Scope of Coverage for Illinois Worker's Compensation

Pam: So, is everyone covered by workers' compensation?

Barry: Virtually everybody who works in the state of Illinois is gonna be covered by workers' compensation. There are some exceptions. A major category of people who aren't covered by workers' compensation are people who are employed by the federal government, people who work for the Post Office or the VA or any of the other federal government agencies. There's a separate workers' compensation system that covers federal employees only. A second category of people who are excluded from coverage by the workers' compensation act are railroad employees. Railroad employees have their own special statute called the Federal Employers Liability Act which is actually a fault-based system, but it applies only to people who are employed by the railroads. There are certain categories of agricultural employees who are gonna be excluded from workers' comp, it's a relatively small subset of people.

Probably the biggest group of people who are going to be excluded from workers' compensation are people who are quote unquote independent contractors. Having an employer employee relationship is one of the essential things that's really required for a valid workers' compensation claim, and if you're considered to be an independent contractor, that's different from a employer employee relationship.

So, that becomes a big issue, especially in the construction industry, it's becoming a bigger and bigger issue in the trucking industry. It was always a big issue in the trucking industry with regard to people who are owner operators, people who own their own truck but then drive for another trucking company, but more and more truck drivers are being called 1099 drivers where they're really employees, but they're being treated for various reasons as independent contractors when they're really not. Independent contractors are, in theory, excluded from coverage under the Workers' Compensation Act.

Now, you'll be covered for activities that you do which are work related, and the technical language in the Workers' Comp Act is arising out in the course of your employment, which basically means that this is a work-related injury. Now, if you're quote unquote on the clock and you're doing something that's very clearly work related, you will almost always be covered by workers' comp.

There's a whole category of cases where the accident happens when you're technically off the clock. It's an important issue with people who travel for work, there's a fairly famous case in the workers' comp world where there's a gentleman who is Hawaii for work, and he was on an excursion, like touring a volcano, and he slipped down a cliff side. That was considered to be still covered by workers' compensation, believe it or not. And there's a whole line of cases that sort of examine that kind of situation.

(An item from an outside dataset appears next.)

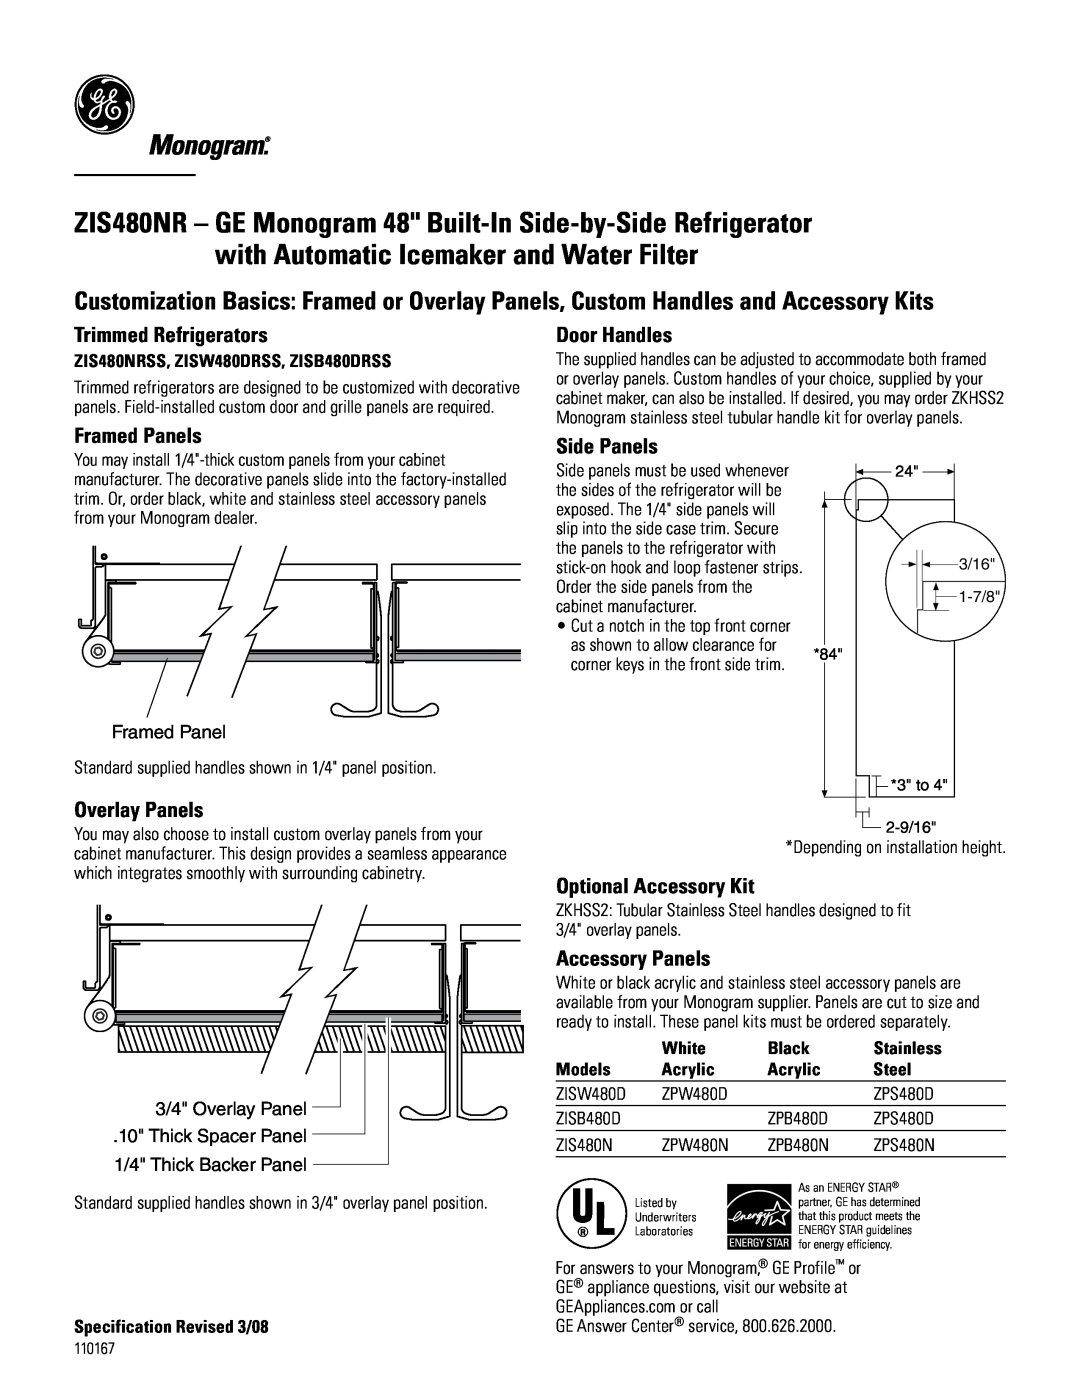 GE Monogram ZIS480NR Trimmed Refrigerators, Framed Panels, Overlay Panels, Door Handles, Side Panels, Accessory Panels

There is a series of cases that are referred to in the business as Coming and Going Cases, where you've arrived at work and you either haven't punched in yet, or you've punched out and you're leaving. Under certain circumstances, you may still be covered workers' comp even though you haven't technically punched in or you've already punched out for the day, but you're coming and going. So, cases like that, where there is some real nexus to the work, it's certainly worth a close examination as to whether or not you'd be covered by workers' comp.

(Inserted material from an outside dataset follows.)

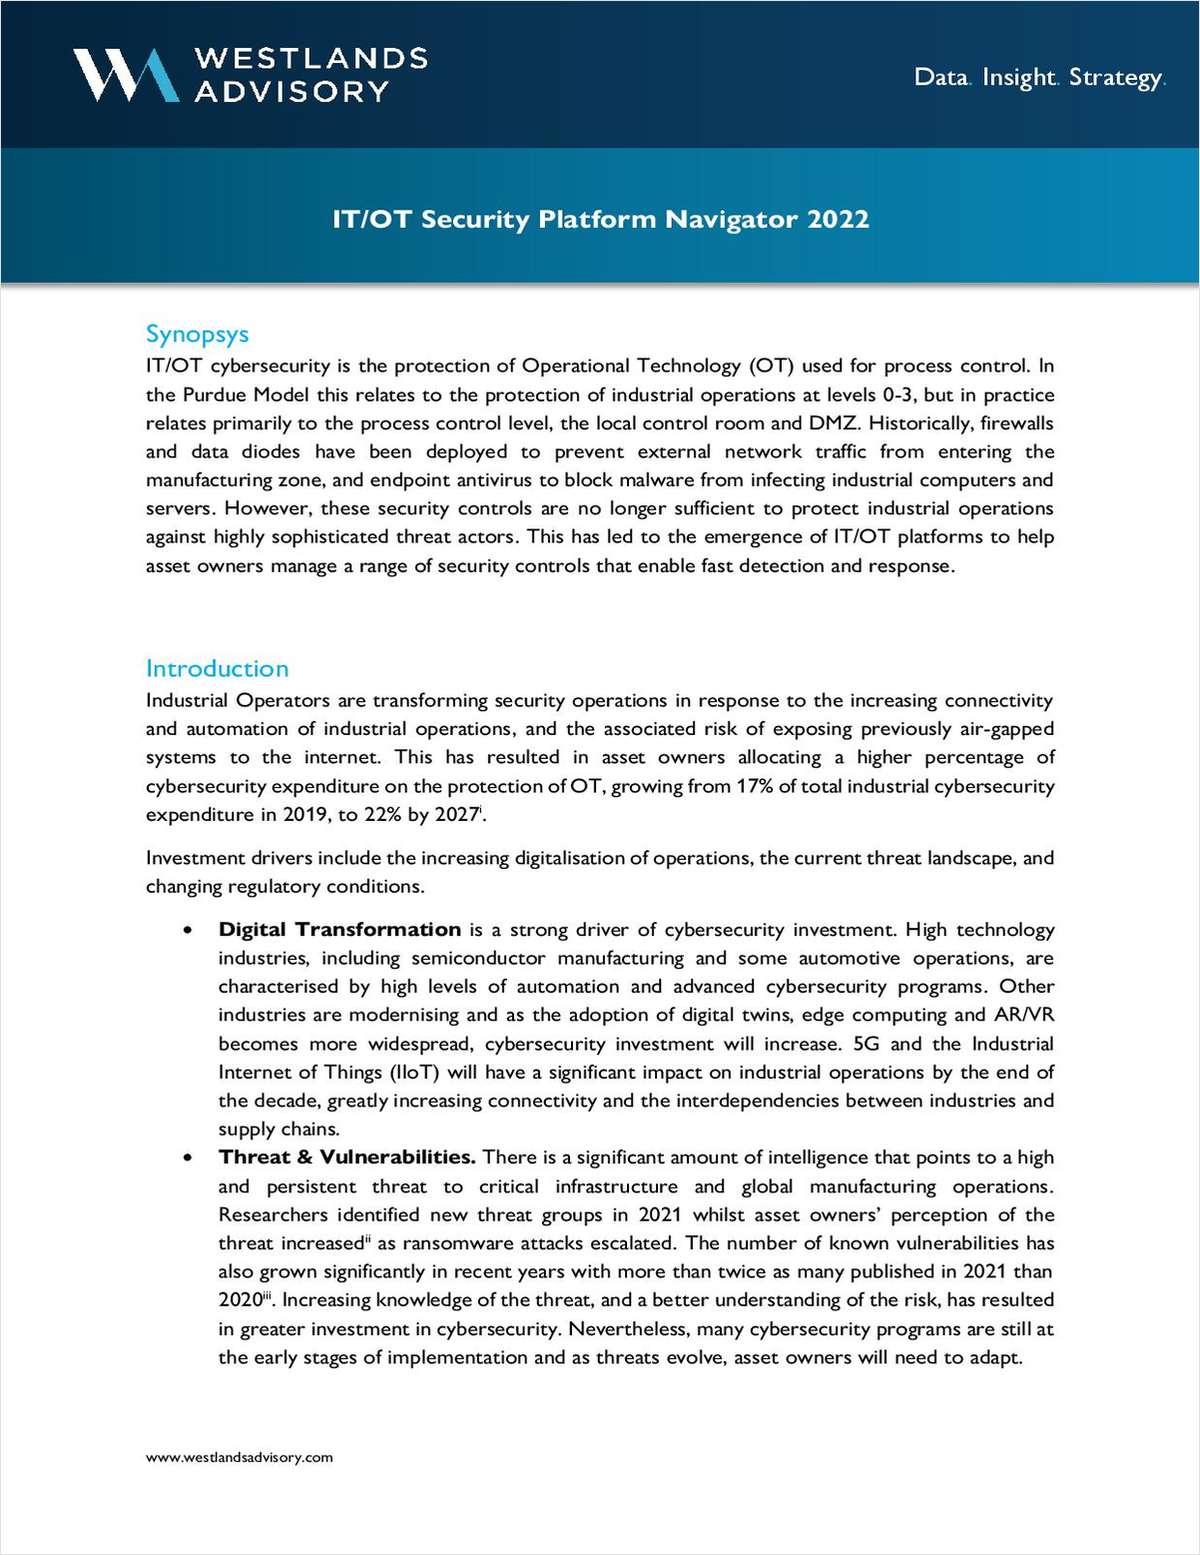 IT/OT Security Platform Navigator 2022

Pam: And what kinds of injuries are covered by workers' comp?

Barry: Well, the whole scope of injuries are gonna be covered. I mean, obviously traumatic injuries such as a fracture, if you slip and fall, those are certainly gonna be covered. There's a category of injuries called repetitive trauma injuries and classically, this is like carpal tunnel, low back injuries tend to be repetitive trauma injuries, there's some shoulder injuries that are really described by that. There has to be a causal relationship between the work-related activity and the injuries that are being claimed, and because coverage under workers' compensation is so often a really clearly established issue, the real battle where things get fought is over this issue of the causal relationship between the work and the injuries that are being claimed. It's more difficult with repetitive trauma injuries than the obvious traumatic injuries, but it's something that, with the right kinda help, you should be able to establish.

There are certain types of occupational illnesses that are gonna be covered. There's a statute that's very similar to the Workers' Compensation Act called the Occupational Disease Act, which basically is gonna cover you if you are made ill by your employment. So, those are all things that tend to be covered. Now, it's also important to keep in mind with workers' compensation cases, that the way that the law regards preexisting conditions is that the employer takes the employee as they find them. So, the fact that you might have a prior injury or preexisting condition isn't gonna exclude you from being covered by workers' compensation as long as your work was a cause of the injuries that you're claiming as part of your claim.

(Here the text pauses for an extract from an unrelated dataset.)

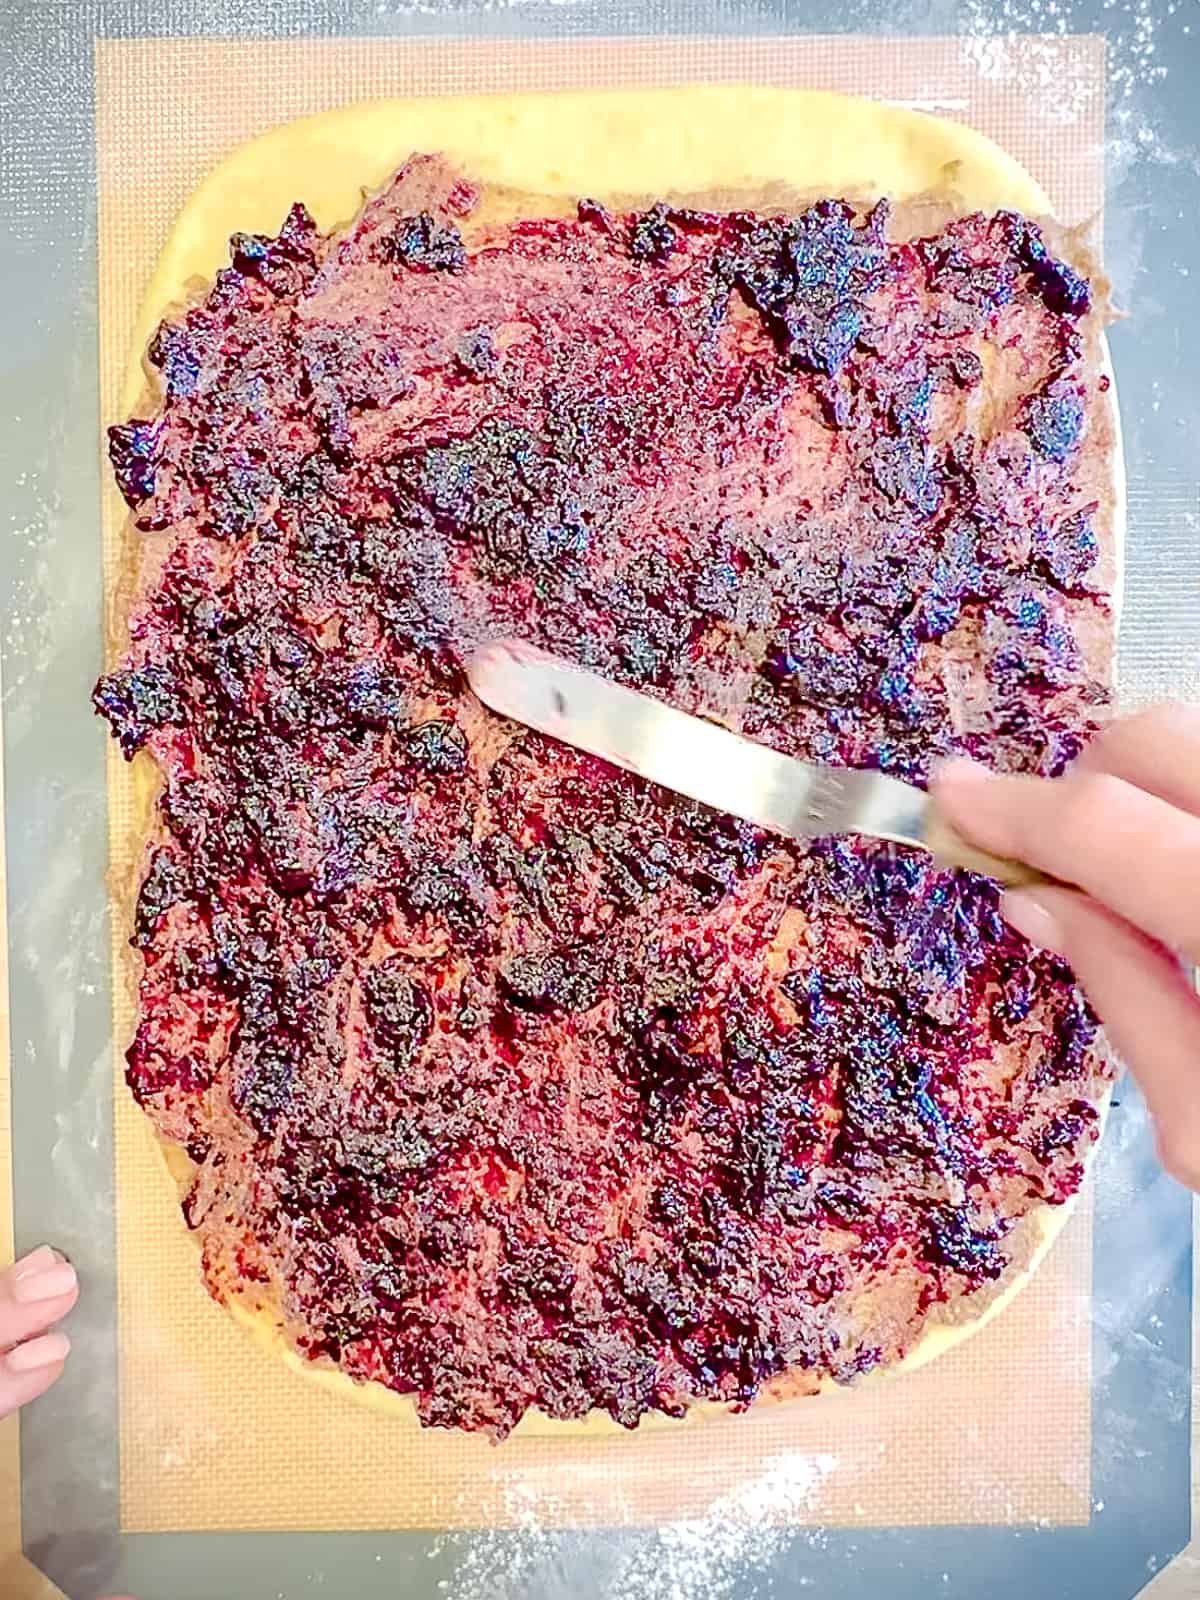 Spreading blueberry jam on top of cinnamon on blueberry cinnamon roll dough.

So, the fact that you may have degenerative junk in your back and have bone spurs and all these other things that people tend to have over age 30, if you're doing okay kind of day in day out, and one day you're at work and you bend down to pick something up, and as you're straightening up you feel a pop on your back and you have all kinds of problems after that, you still should be covered by workers' compensation, that should be an injury that's compensable under workers' compensation.